Mengapa kau begitu cemas? Biarkan saja dia bermain sebentar dan kita bertemu dengan beberapa kenalan lama. Aku tidak berani bertarung sembarangan di Di Tian karena takut merusak tempat itu, tetapi ini berbeda. Qi Shi tertawa terbahak-bahak, keberanian suaranya menyebabkan gunung-gunung di sekitarnya bergetar hebat. Beberapa Binatang Suci awalnya sangat marah, tetapi setelah merasakan Qi-nya, mereka bahkan tidak berani bersuara.
Jiang Sheng terkekeh, “Aku mendengar bahwa Delapan Utusan Kavaleri Neraka semuanya berada di Kuil Raja Mutlak. Aku ingin menangkap salah satunya untuk bermain-main.”
“Kedelapan penunggang di Utusan Iblis Neraka adalah delapan Monster Berwajah Putih yang menunggangi Naga Tulang Hitam. Mereka seharusnya yang menyebarkan lokasi Chen Xiang.” kata Qi Shi.
“Benar, kita bisa mendapatkan Dewa setelah membunuh Chen Xiang. Untuk hal sebaik ini, kedelapan penunggang itu malah tidak menemukan kita. Mereka benar-benar pantas dihajar.” Jiang Sheng tertawa: “Kau pergi cari teman lamamu dan bertarung, aku akan pergi mencari Utusan Iblis Naga Kerangka dan bertemu di Kota Suci Kuno.”
Qi Shi tiba-tiba tertawa sinis: “Wanita itu juga ada di Kota Suci Kuno, aku ingat dia dari Sekolah Bulu Ilahi. Apakah kau mencoba mencarinya? Dia sangat kuat sehingga aku pun sedikit takut padanya.”
Jiang Sheng mengerutkan bibir, “Saat ini, aku sudah berpikiran jernih dan tidak memiliki keinginan.”
Qi Shi tertawa terbahak-bahak. “Jiang Tua, jika bukan karena aku saat itu, kau hampir menjadi budak Kaisar Mei.
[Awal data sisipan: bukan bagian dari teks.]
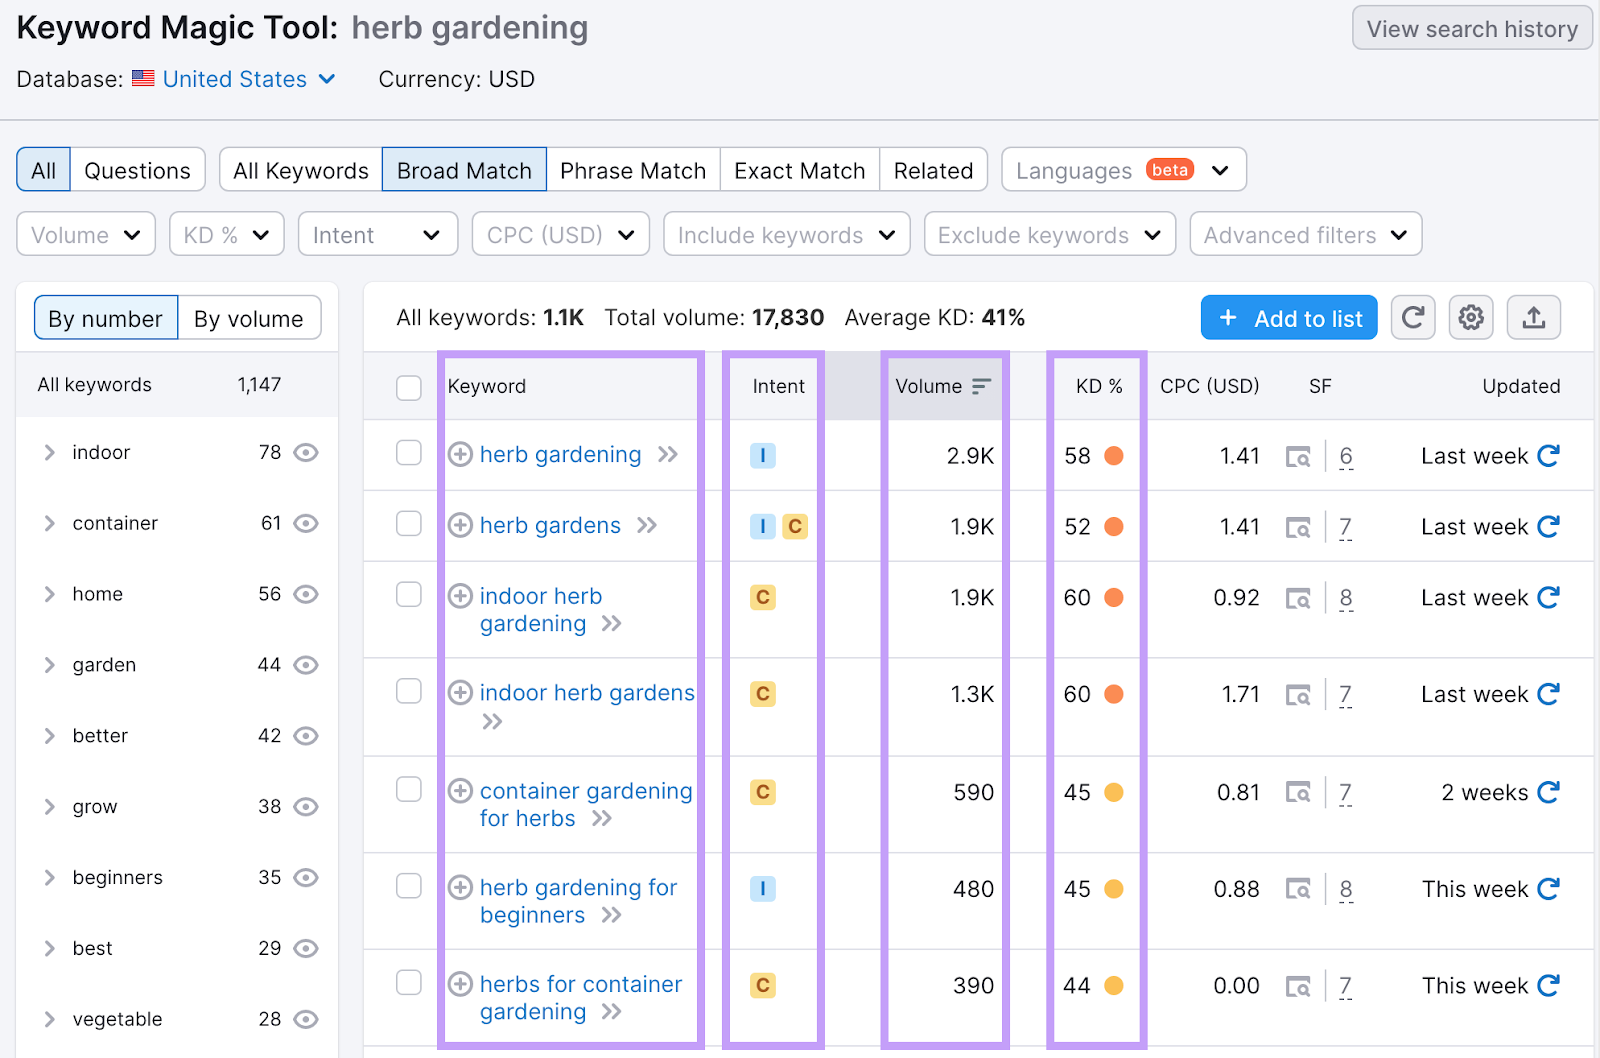 “Intent,” “Volume,” and “KD%" columns highlighted successful  Keyword Magic Tool
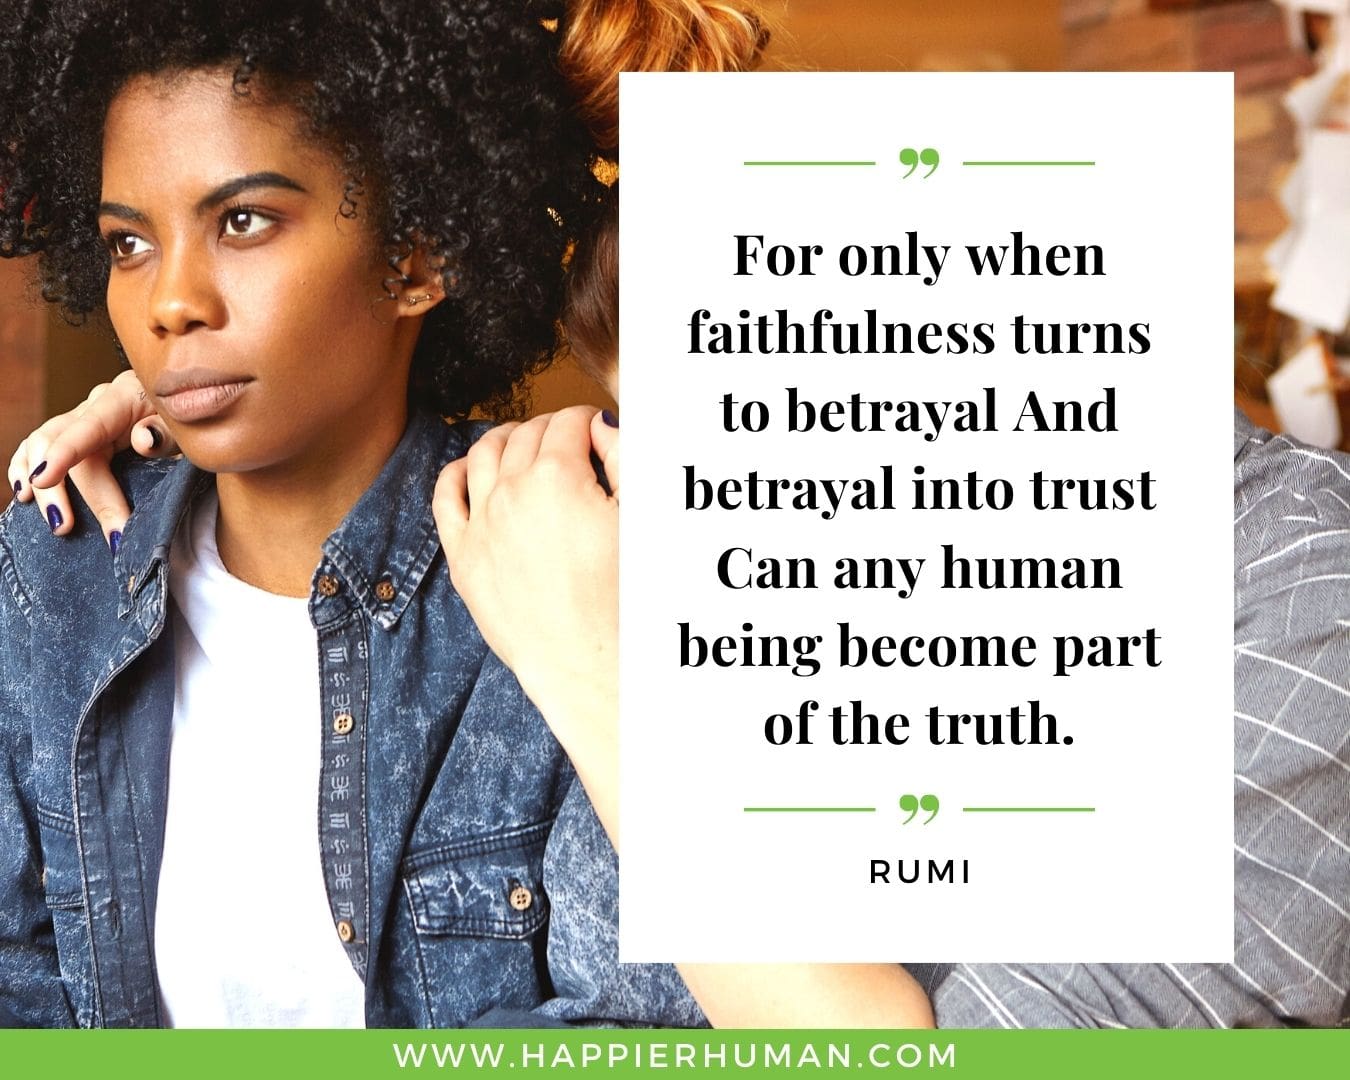 Broken Trust Quotes - “For only when faithfulness turns to betrayal And betrayal into trust Can any human being become part of the truth.” - Rumi

“Lagipula aku seorang pria.” Lagipula, aku tidak kehilangan apa pun, jadi rasa dari Kaisar Mei masih tidak buruk.” Jiang Sheng mengelus dagunya, wajahnya dipenuhi pikiran.
Qi Shi terkekeh, “Kaisar Es dan Kota Walet Api telah mencoba merayunya sebelumnya, tetapi kau tampaknya bahkan lebih terlambat dari mereka. Ketika aku mengingat kembali mengapa aku merasa dia begitu menjijikkan, dan mengapa sepertinya ada orang lain juga …”
Sebelum Qi Shi selesai bicara, dia ditendang dari Frisbee oleh Jiang Sheng. Jiang Sheng, yang sedang menunggangi Frisbee, menghilang ke langit dalam sekejap mata.